Это, по всей видимости, произошло в конце мая или в начале июня; как я уже отметил, понятия о времени у Гуннара Эммануэля довольно сбивчивые. Однако из его воспоминаний вырисовываются картины солнечного света, плещущихся волн, белых пароходиков, кричащих чаек и прочего классического стокгольмского реквизита. Но звон колоколов церкви Якоба отсутствует.

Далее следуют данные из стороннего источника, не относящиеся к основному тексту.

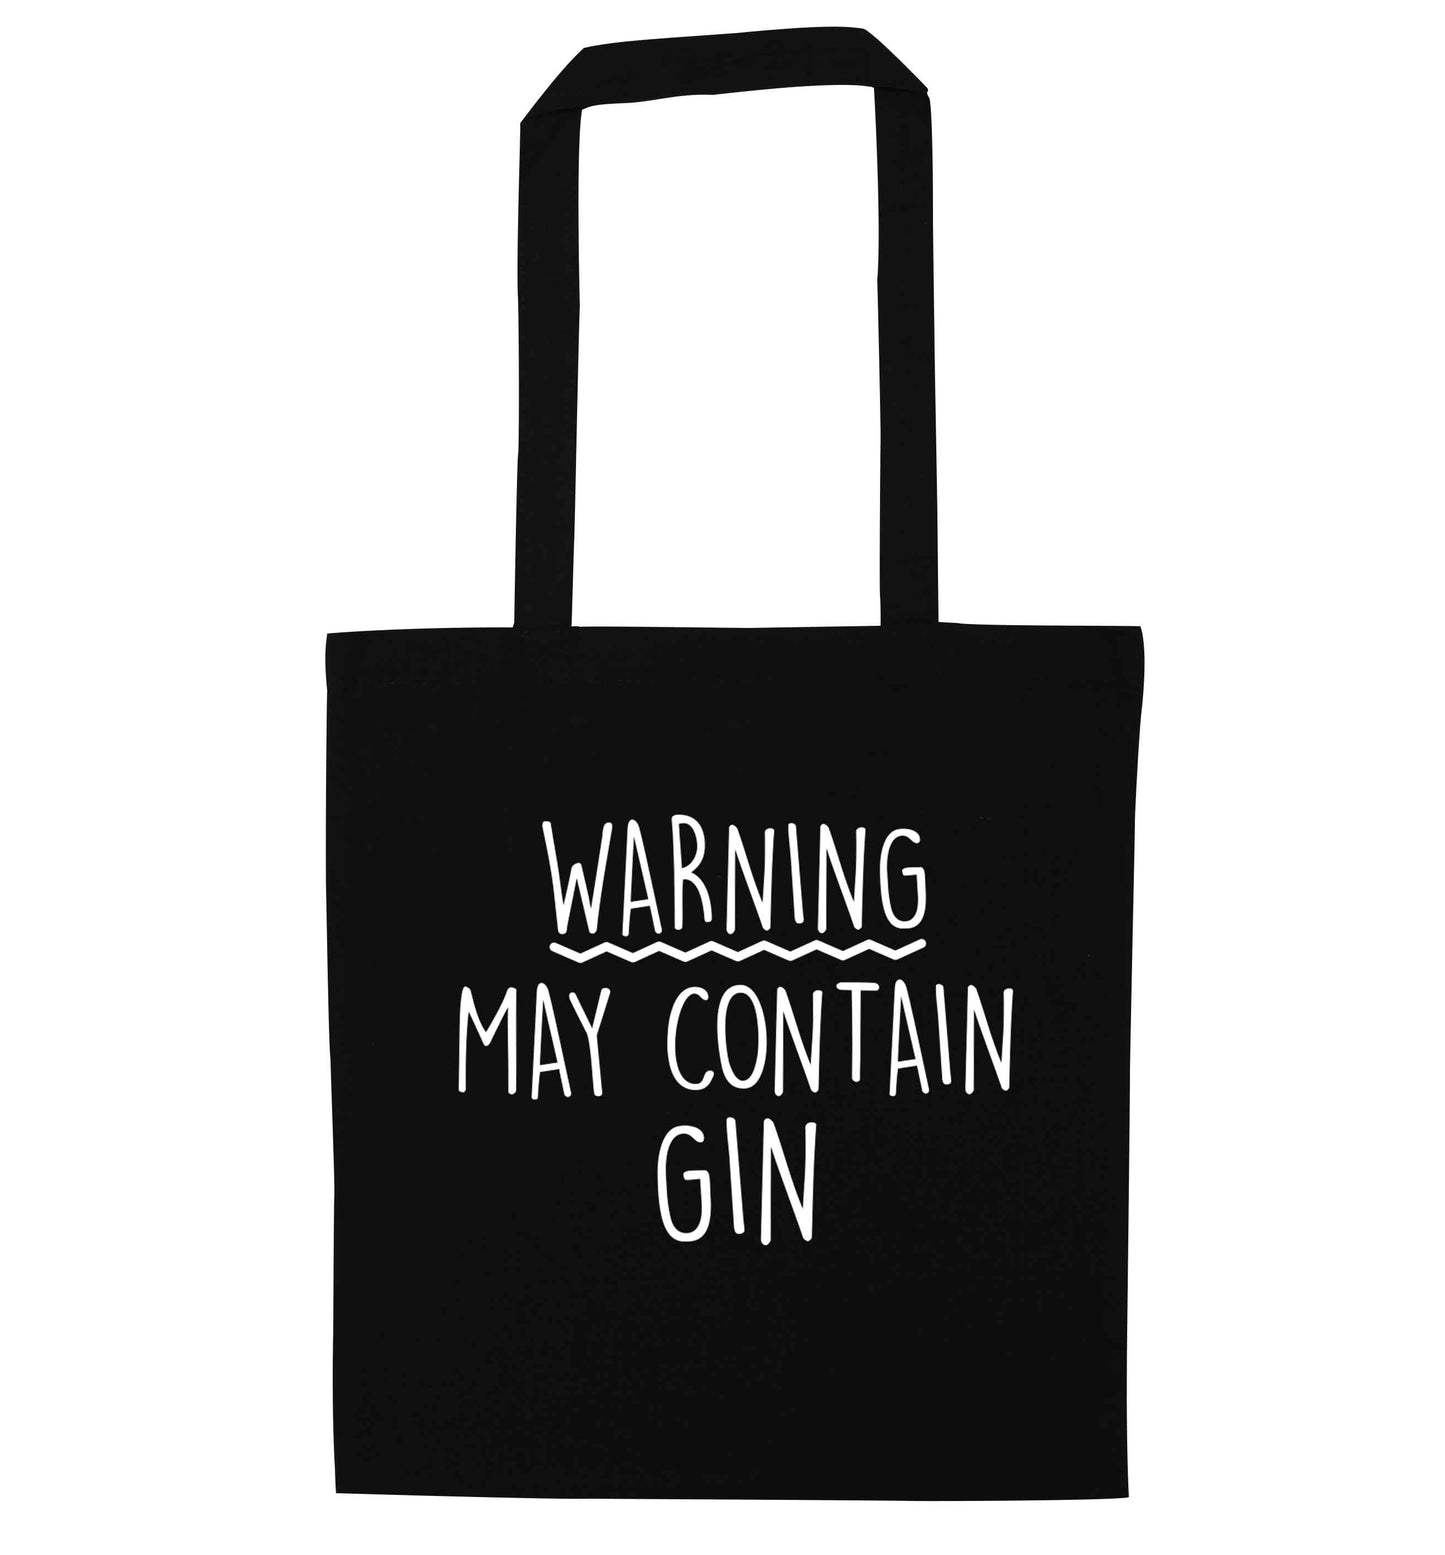 Warning may contain gin black tote bag

Солтикофф сперва молчал и казался хмурым и раздраженным. У Гуннара Эммануэля сложилось впечатление, что антиквар вообще предпочел бы избежать этого свидания. Гуннар Эммануэль чувствовал, что ему не рады. Солтикофф вытер глаза платком, раздраженно и странно вопрошающе.
— Со вчерашнего дня с тобой ничего не случилось?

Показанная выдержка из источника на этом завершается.